Is the achievement you are proposing more than 25 years old? Yes

Is the achievement you are proposing within IEEE’s designated fields as defined by IEEE Bylaw I-104.11, namely: Engineering, Computer Sciences and Information Technology, Physical Sciences, Biological and Medical Sciences, Mathematics, Technical Communications, Education, Management, and Law and Policy. Yes

Did the achievement provide a meaningful benefit for humanity? Yes

Was it of at least regional importance? Yes

Has an IEEE Organizational Unit agreed to pay for the milestone plaque(s)? Yes

Has the IEEE Section(s) in which the plaque(s) will be located agreed to arrange the dedication ceremony? Yes

Has the IEEE Section in which the milestone is located agreed to take responsibility for the plaque after it is dedicated? Yes

Has the owner of the site agreed to have it designated as an IEEE Milestone? Yes

Year or range of years in which the achievement occurred:

1989-1993

Title of the proposed milestone:

Realization of Blue Light Emitting Diode, 1989-1993

Plaque citation summarizing the achievement and its significance; if personal name(s) are included, such name(s) must follow the achievement itself in the citation wording: Text absolutely limited by plaque dimensions to 70 words; 60 is preferable for aesthetic reasons.

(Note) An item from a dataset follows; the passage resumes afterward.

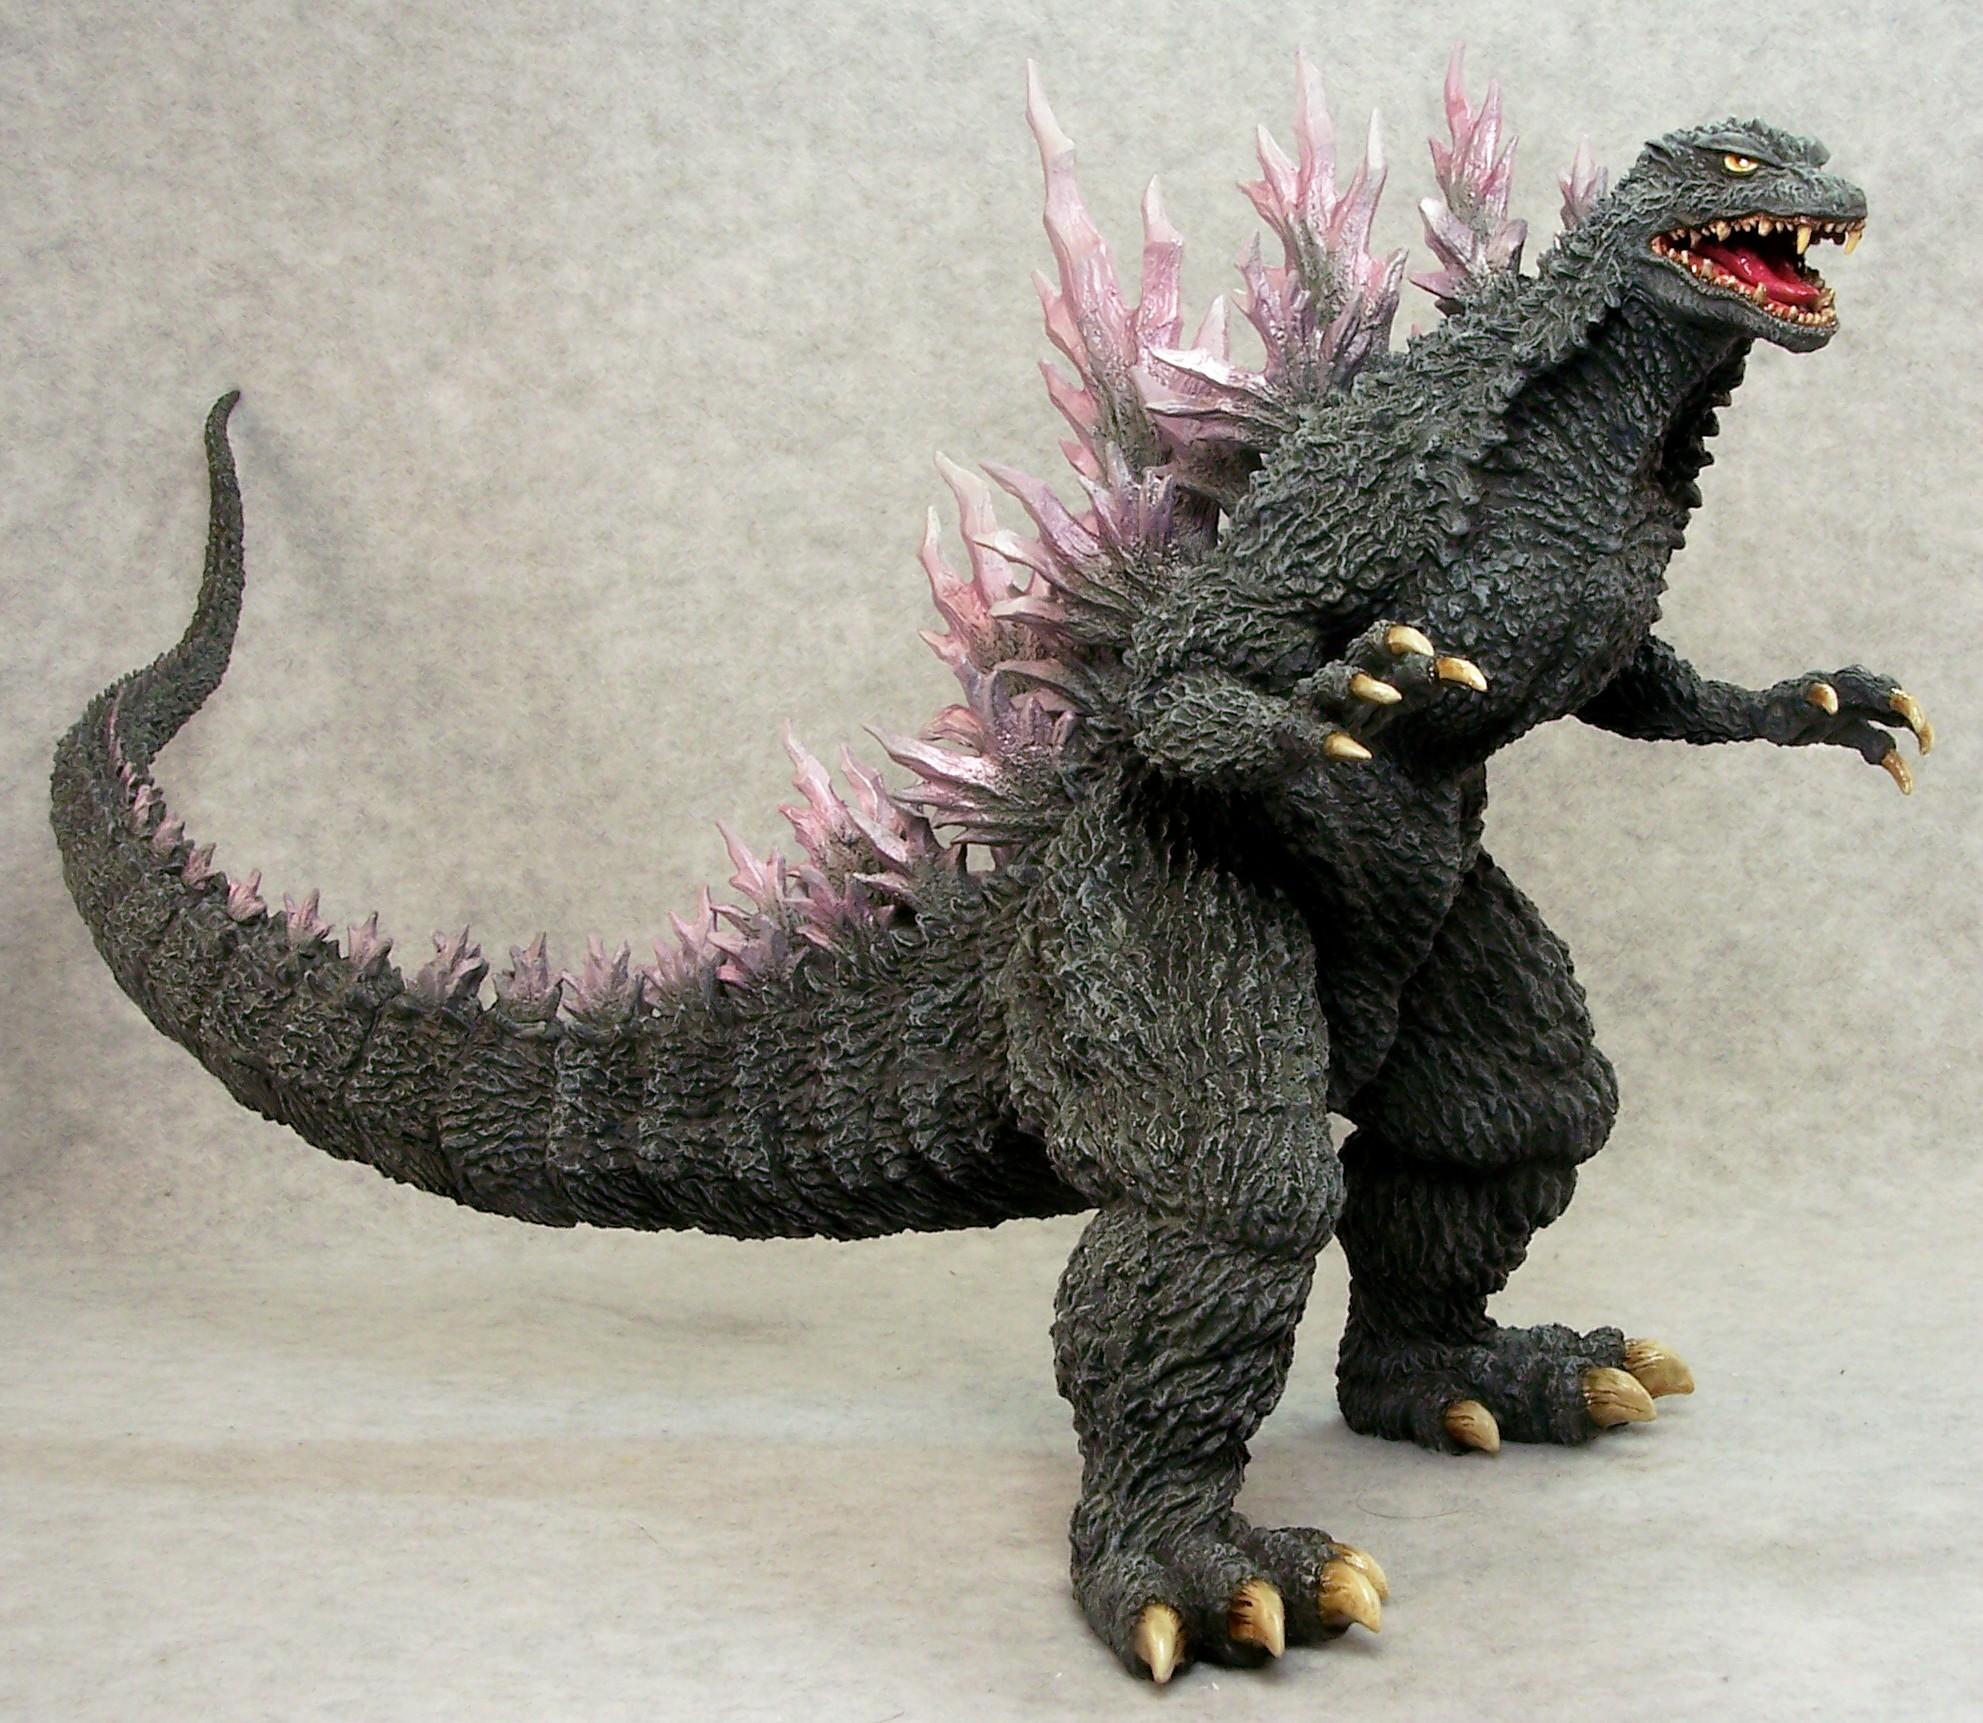 Joe Dunaway Model Kit Buildups 187 Godzilla 2000 187 Godz1 Jpg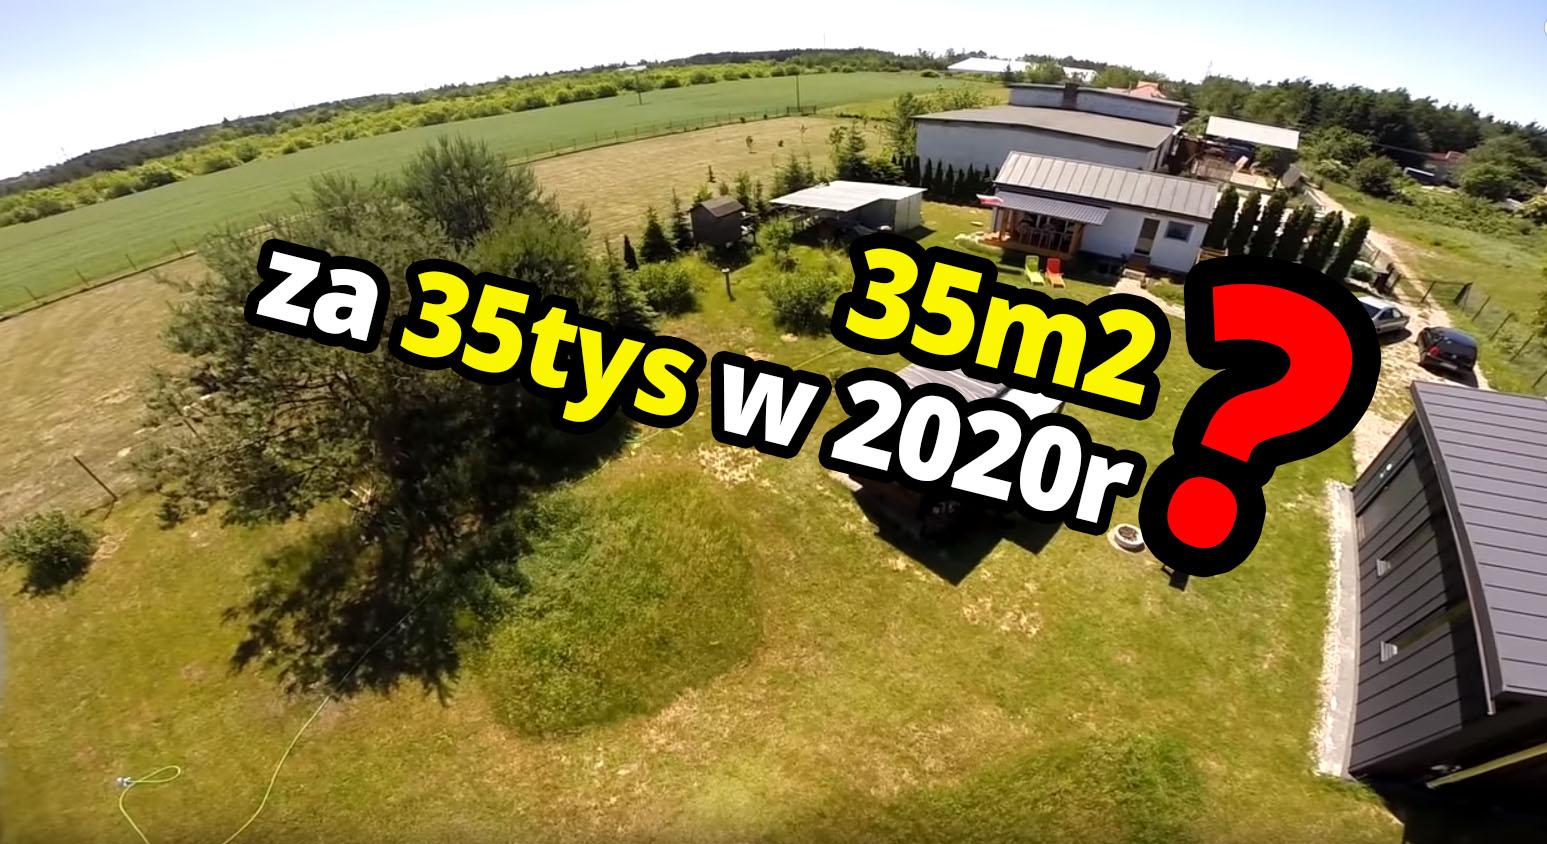 Dom 35m2 na zgłoszenie, koszt budowy domu 2020r

In 1989, Isamu Akasaki and Hiroshi Amano achieved the crystal growth and pn junction of gallium nitride, which is suitable for blue light-emitting diodes (LEDs). In 1993, Shuji Nakamura realized a high-brightness blue LED. Blue LEDs are used in many fields such as lighting and have significantly contributed to the expansion of various industries. For this achievement, the three were awarded the Nobel Prize in Physics in 2014.

200-250 word abstract describing the significance of the technical achievement being proposed, the person(s) involved, historical context, humanitarian and social impact, as well as any possible controversies the advocate might need to review.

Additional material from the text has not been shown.